Now with three classes under her belt, she said that it’s been an amazing experience. The classes have been pushing capacity limits with people from all walks of life; climbers, non-climbers and all age groups.

“It’s a really cool vibe in the room because there’s all these different people coming together for the same thing,” she said.

When ARQ posted the announcement that they were to be offering yoga classes they said that you can “Improve your climbing through specific mobility work; giving you the opportunity for a better experience in movement, all the while building confidence in a relaxed community.”

Repp explained that yoga and climbing go hand in hand and that while on the surface they appear quite distinct, at the core there are many the-

“It’s both a physical and a mental game and I found the connection there, with core work with ab work, with balance and stability,” Repp said. “The important thing is that yoga can bring to climbing body awareness, which is really important.”
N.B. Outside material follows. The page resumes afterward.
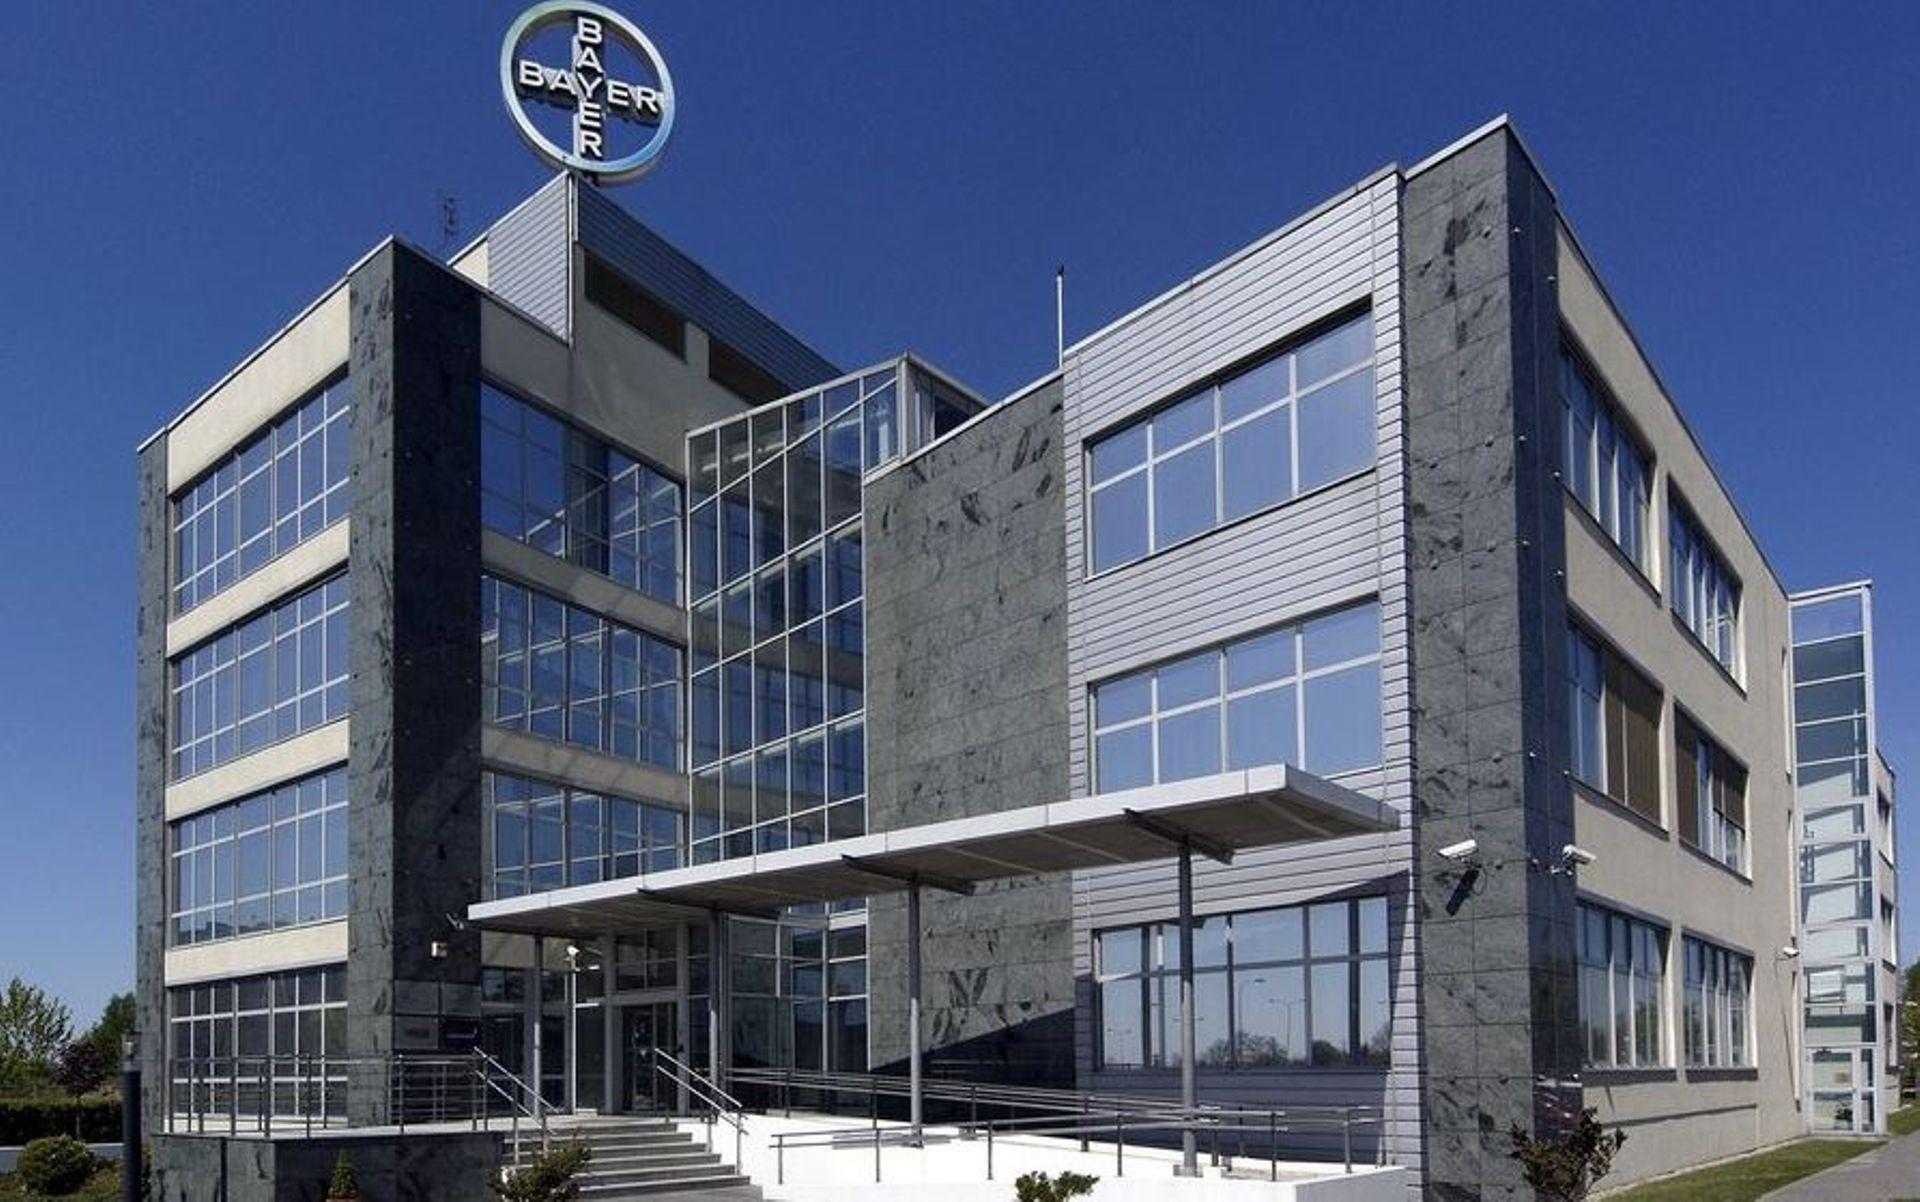 Niemiecki koncern Bayer zatrudni w Warszawie 400 osób
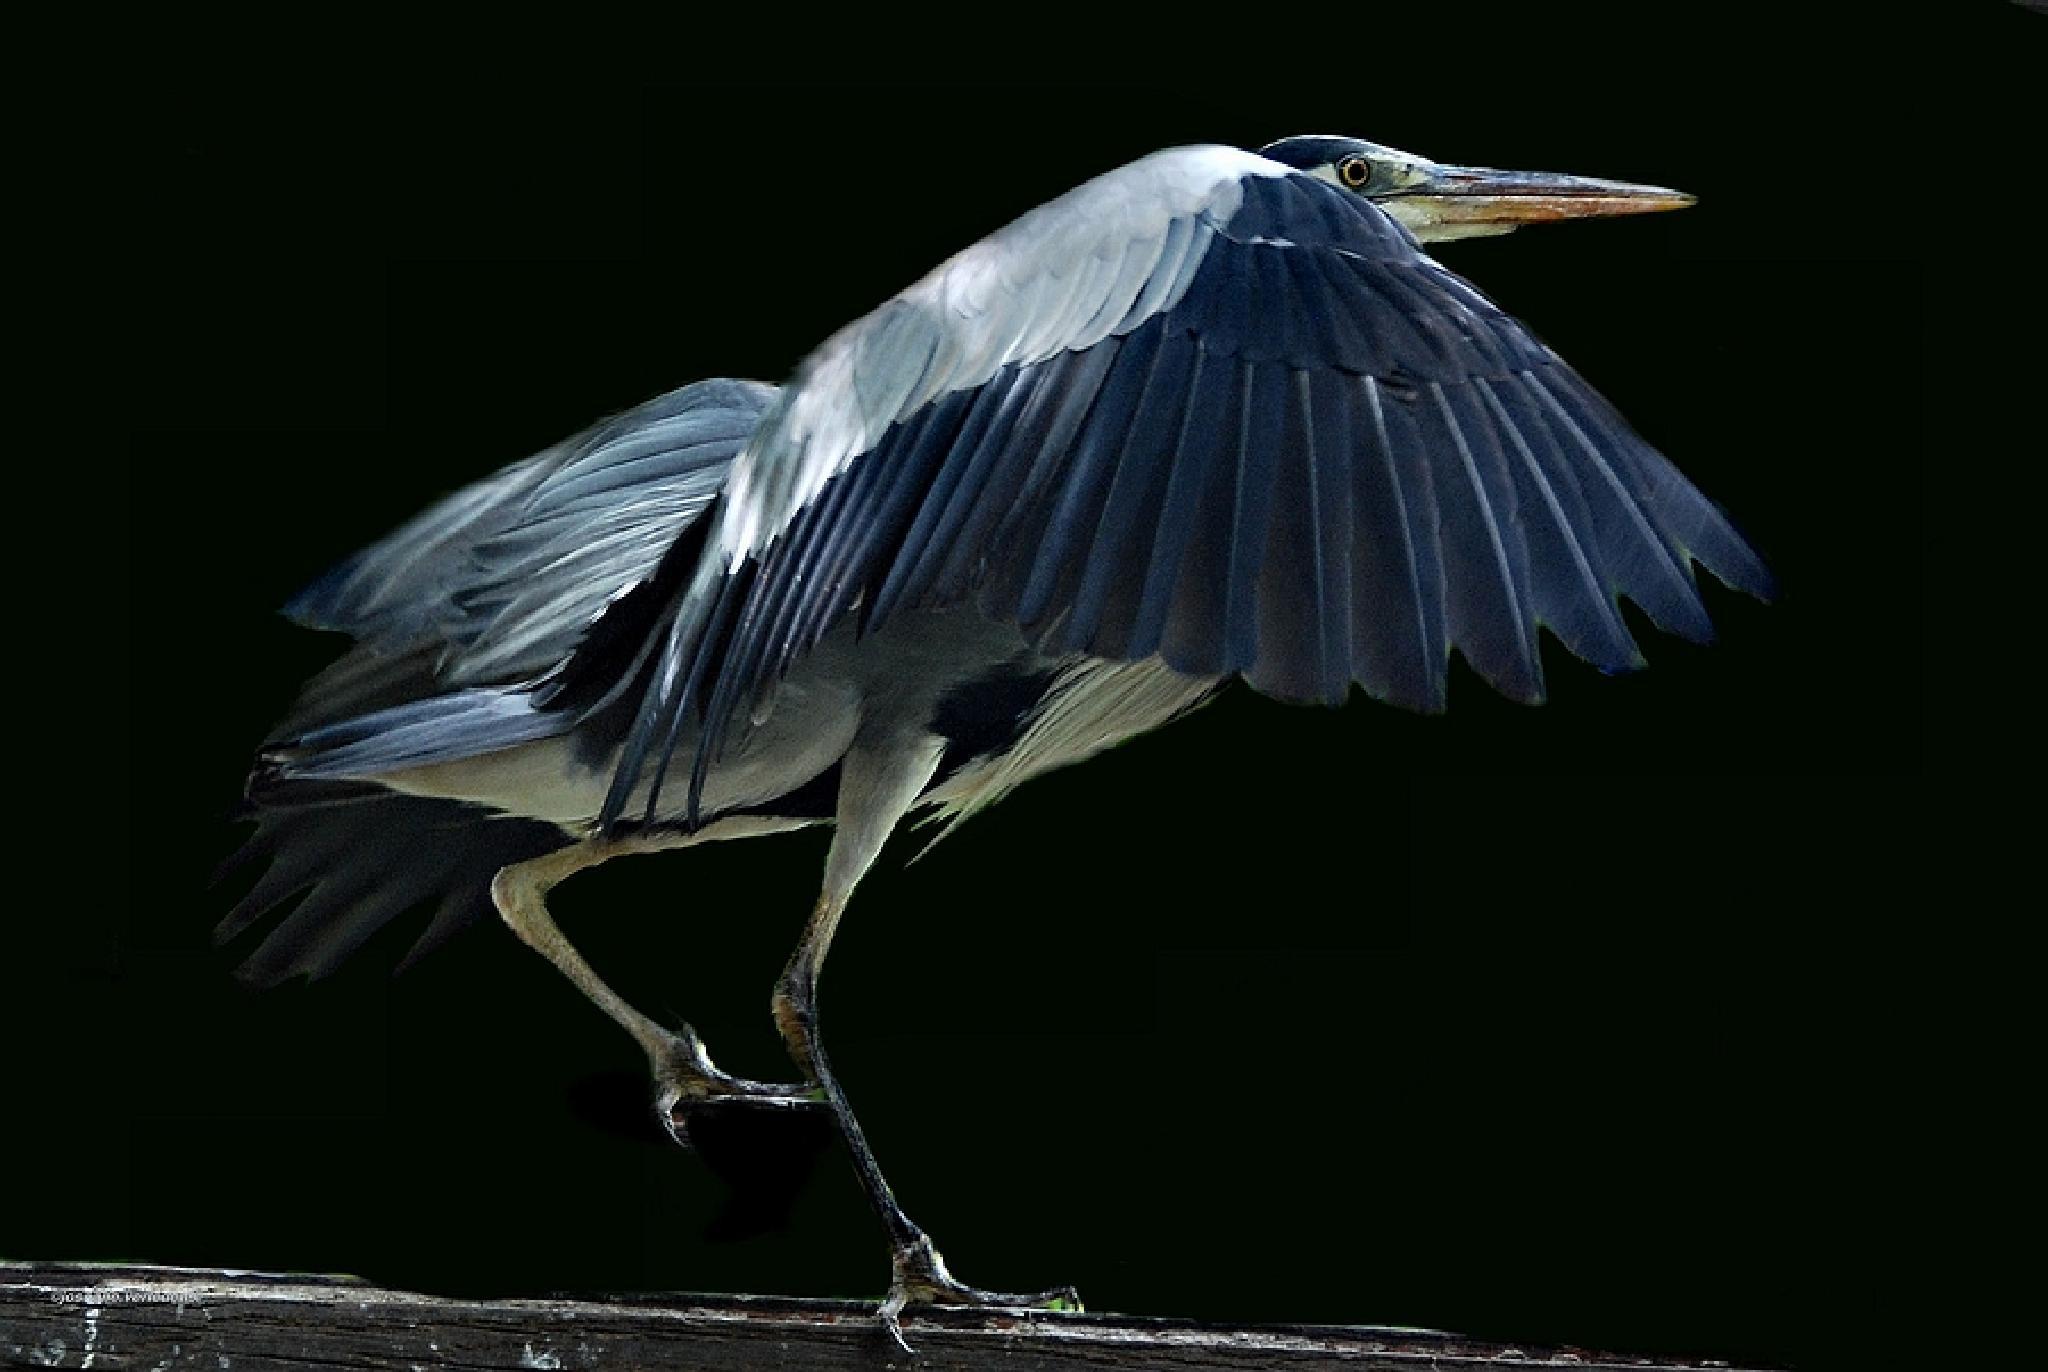 heron by joseane.verledens

She said another key similar element between the two is breathing. In her own experience with climbing, Repp said that she often holds her breath when she is at the crux, focusing on her power, and not her breath.

“Whereas yoga we focus on allowing the breath to lead the movement, and so you can take that off the mat and on to the wall.”

Classes are $10 for a drop in, or $5 as an add on to a day pass and for existing members, they are offered for free.